• [ACTIVITY] Although the records contain pictures, none belong in the copy: restate word for word only the lines from the one with "Eurovision Song Contest" through the one with "outdoor low voltage wiring diagrams", both included.

• [RECORDS SHOWN]
=== Section Start ===
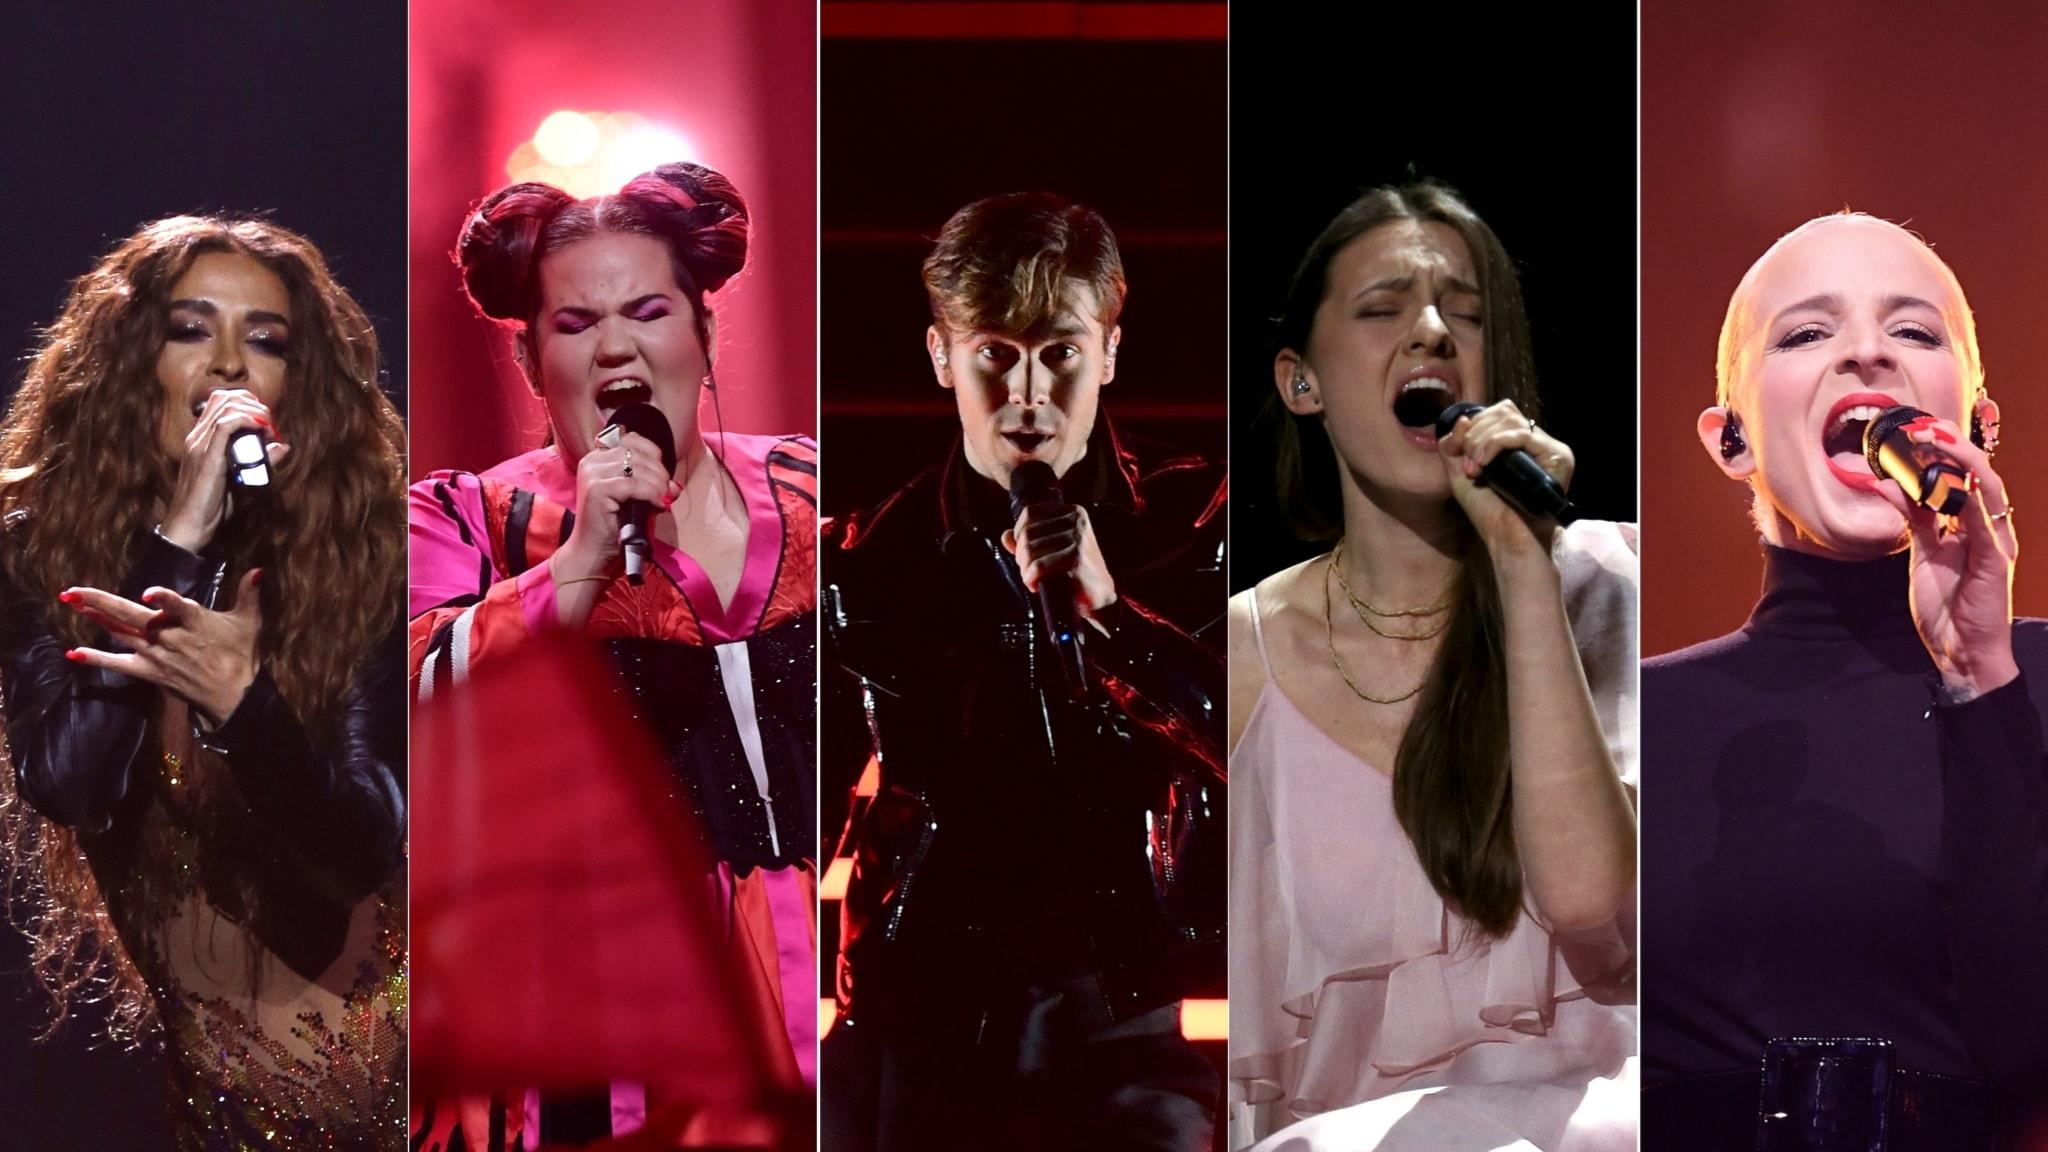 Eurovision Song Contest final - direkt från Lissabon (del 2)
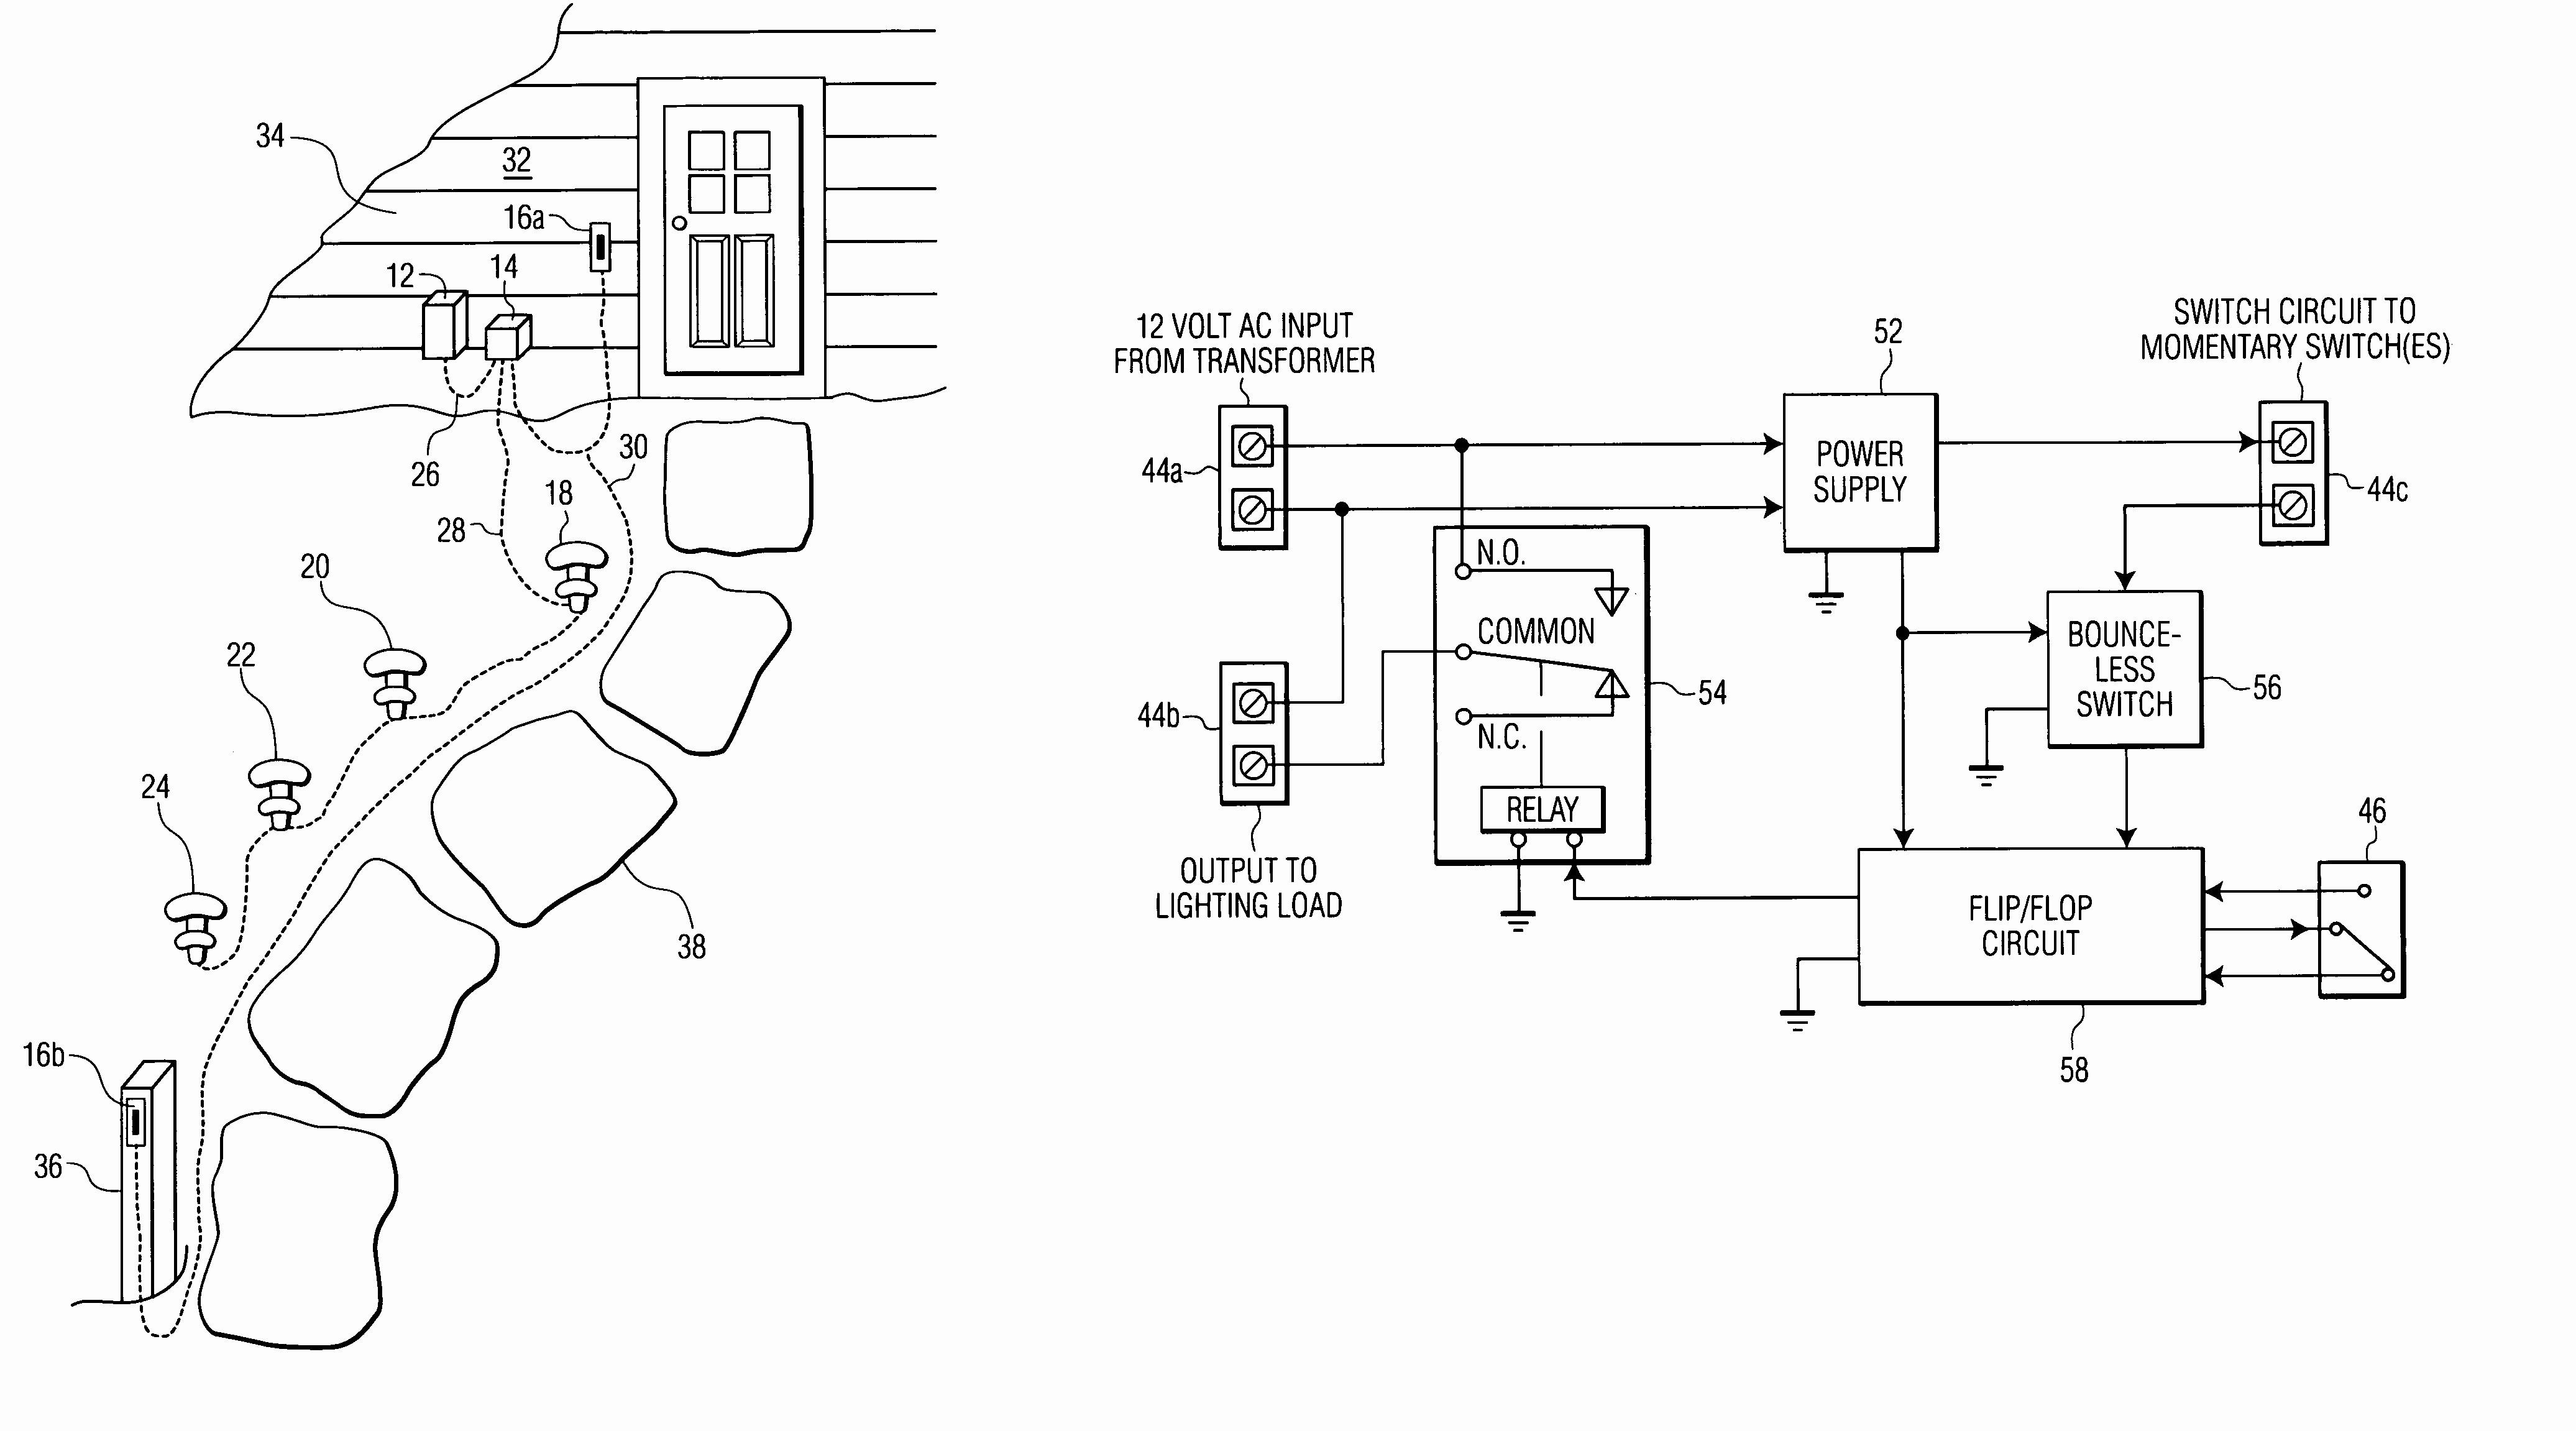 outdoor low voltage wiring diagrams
=== Section End ===
=== Section Start ===
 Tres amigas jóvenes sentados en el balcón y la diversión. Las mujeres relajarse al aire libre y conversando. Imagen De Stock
=== Section End ===
=== Section Start ===
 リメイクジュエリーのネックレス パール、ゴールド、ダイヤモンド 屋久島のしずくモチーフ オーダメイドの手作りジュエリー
=== Section End ===
• [TASK RESULT]
 Eurovision Song Contest final - direkt från Lissabon (del 2)
 outdoor low voltage wiring diagrams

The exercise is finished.